All LLMs can keep track of a short conversation. But how do they remember things long-term?
Featured image

This is episode 6 of a series of shorter blog posts answering questions I received during the course of my work and reflect common misconceptions and doubts about various generative AI technologies. You can find the whole series here: Practical Questions.


People often talk about an LLM "remembering" (or more often "forgetting") things. But how is that possible? LLMs are stateless algorithms that don't inherently have the ability to "remember" anything they see after their training is over. They don't have anything like databases, caches, logs. At inference time, LLMs produce the next token based only on its trained parameters and whatever text you include in the current request.

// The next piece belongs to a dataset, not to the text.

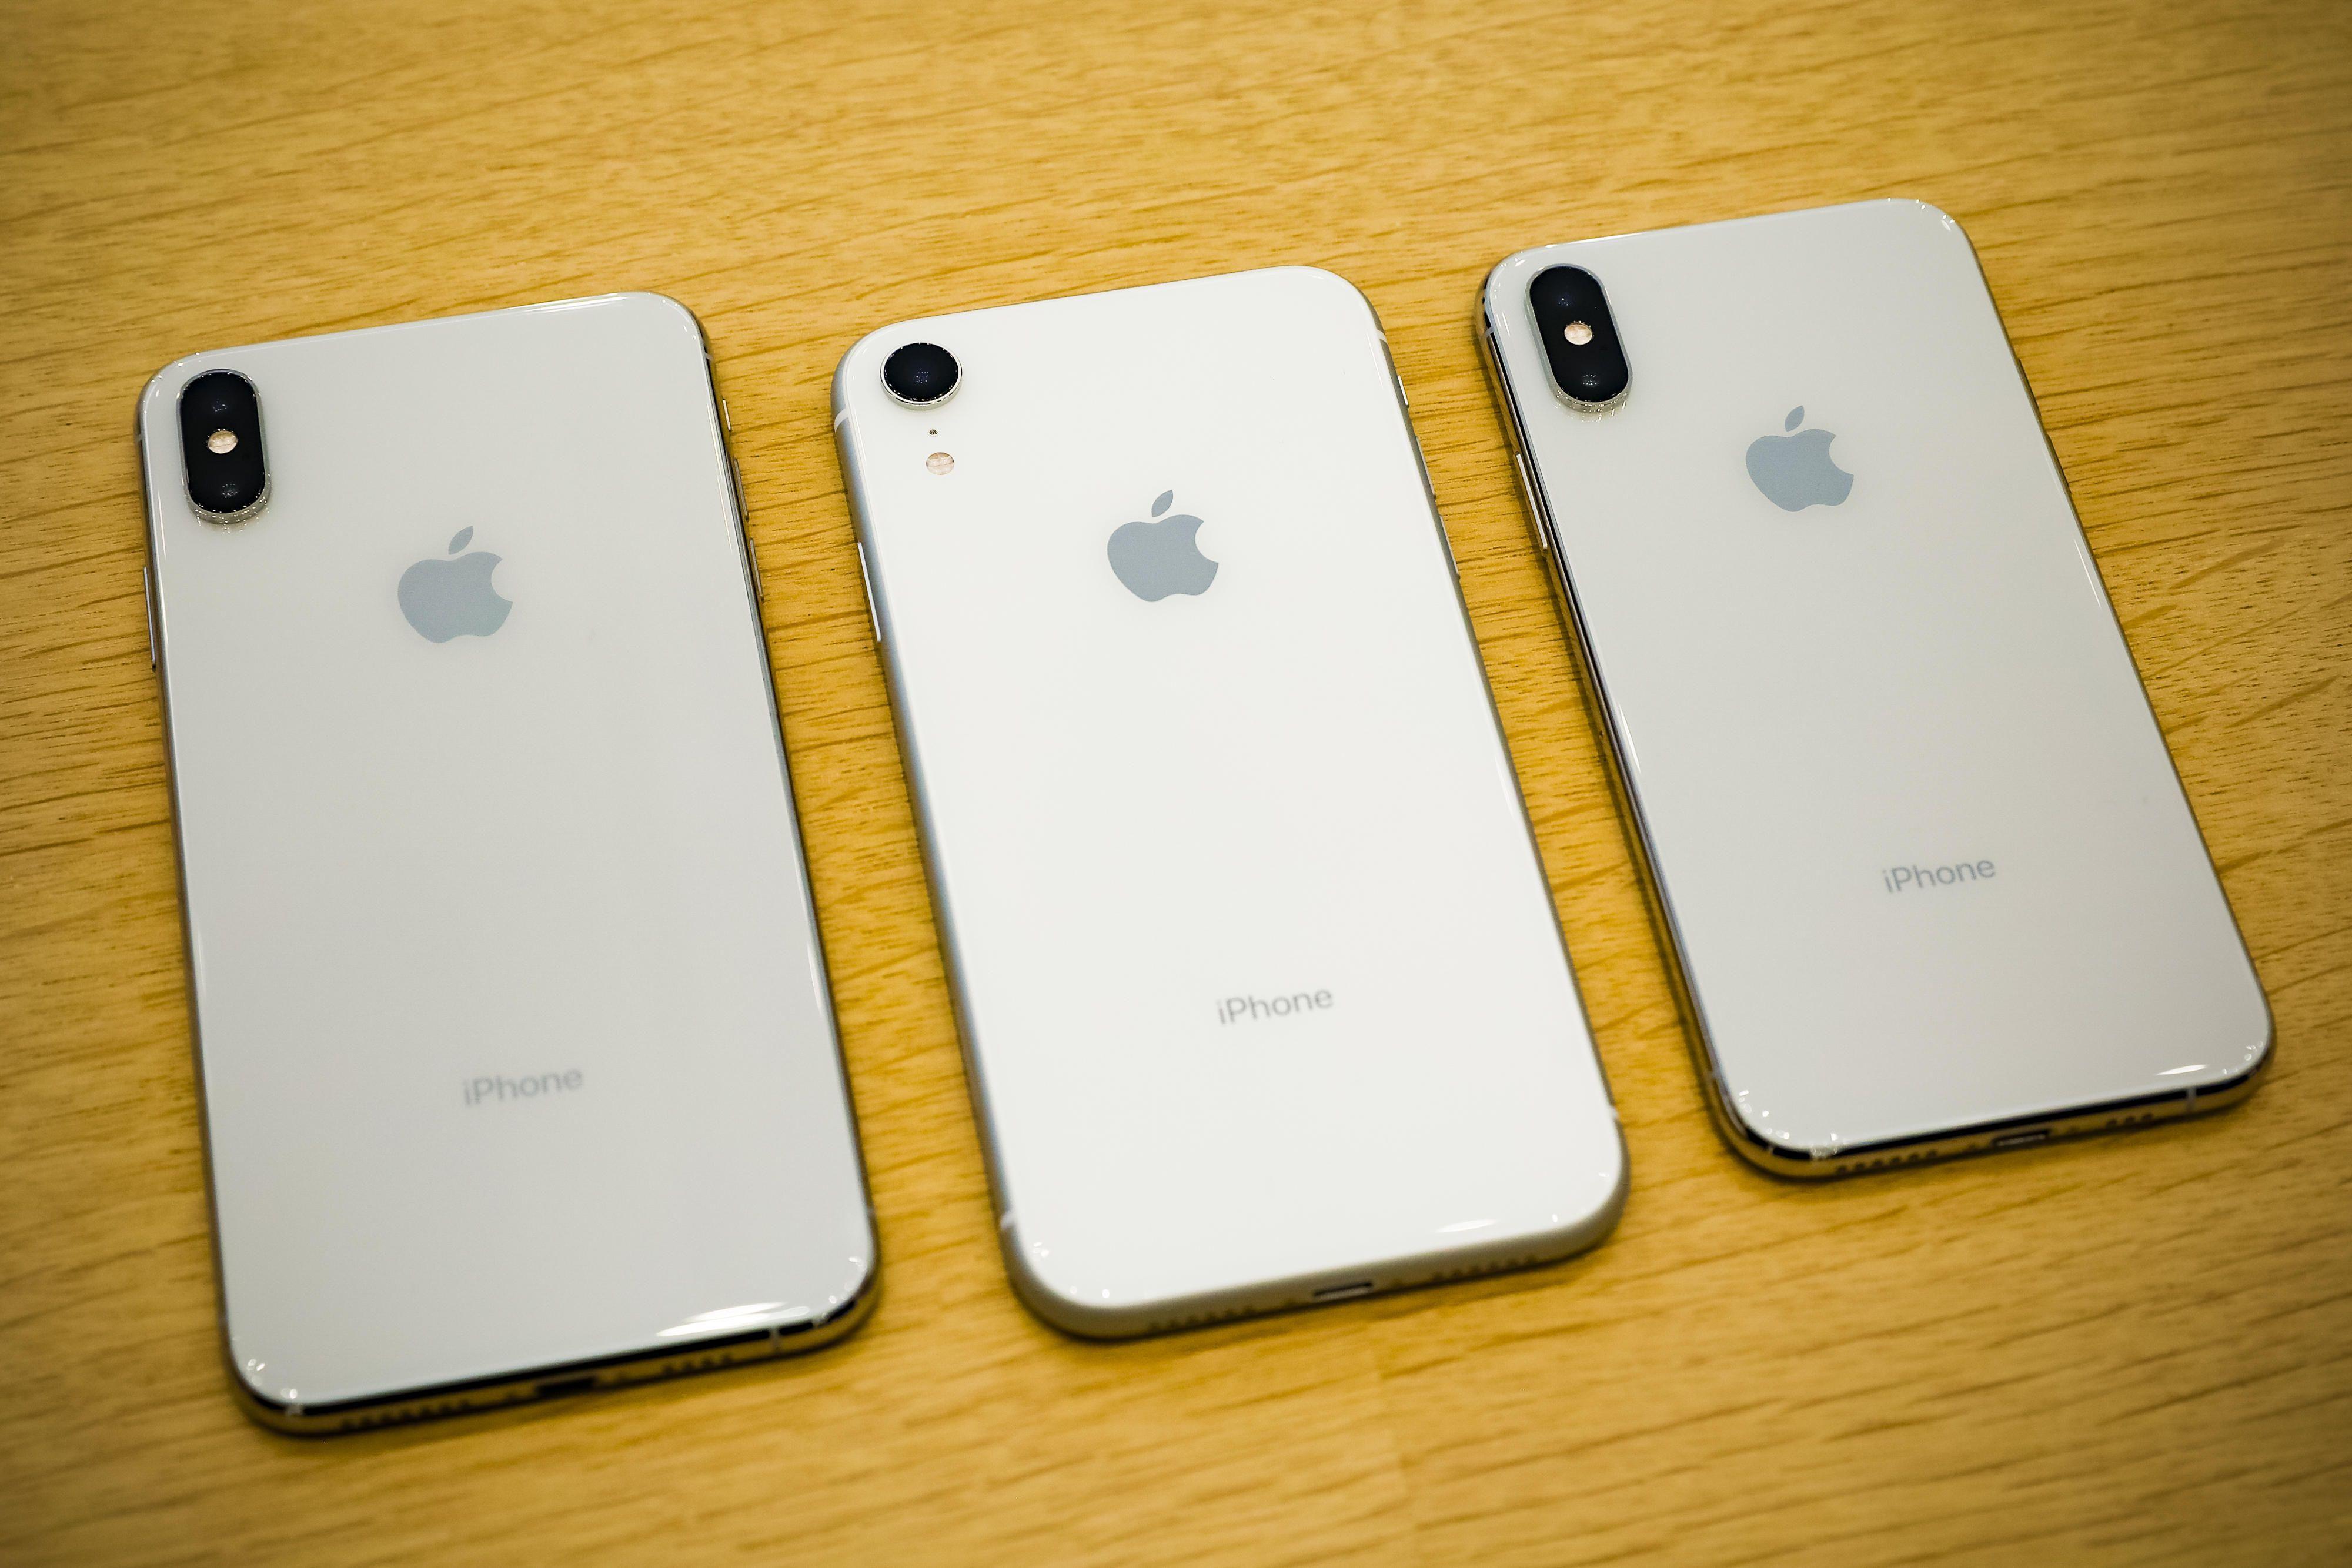 Pin Lithium Ion đang dần đuối sức trước các công nghệ smartphone hiện đại
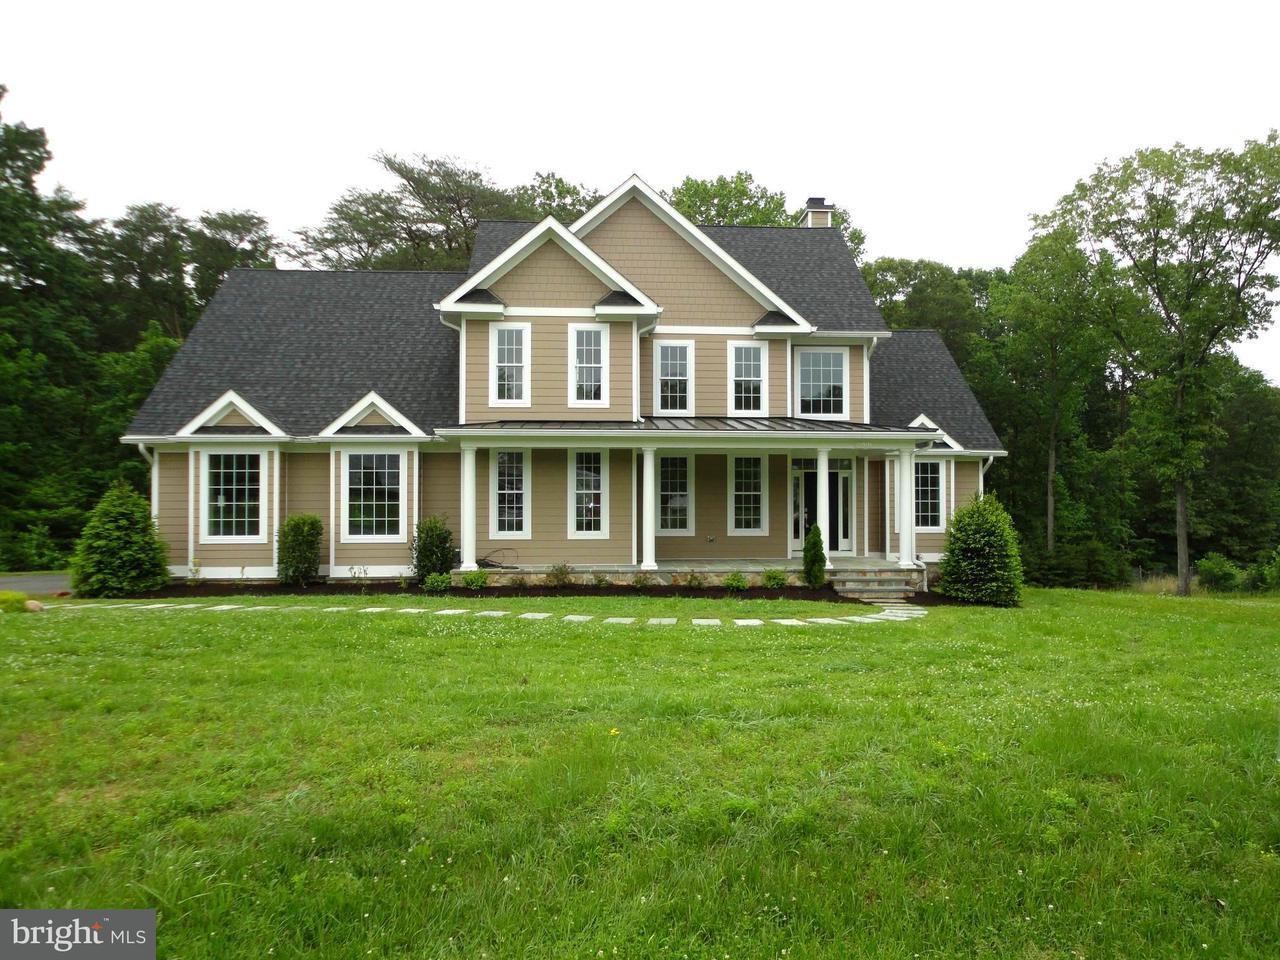 단독 가정 주택 용 매매 에 1008 SAINT ANNE Lane 1008 SAINT ANNE Lane Millersville, 메릴랜드 21108 미국

So what is "memory" in the context of LLM inference?

The chat history

When you're having a conversation with an LLM, the LLM does not remember what you've said in your previous messages. Every time it needs to generate a new token it re-reads everything that happened in the conversation so far, plus everything it has generated up to that point, to be able to decide what's the most likely next token. LLMs don't have any internal state: everything is recomputed from scratch for each output token.

💡 Methods exist to reduce the time complexity of LLM inference, mostly in the form of smart caching techniques (usually called prompt caching), but that's a story for another blog post.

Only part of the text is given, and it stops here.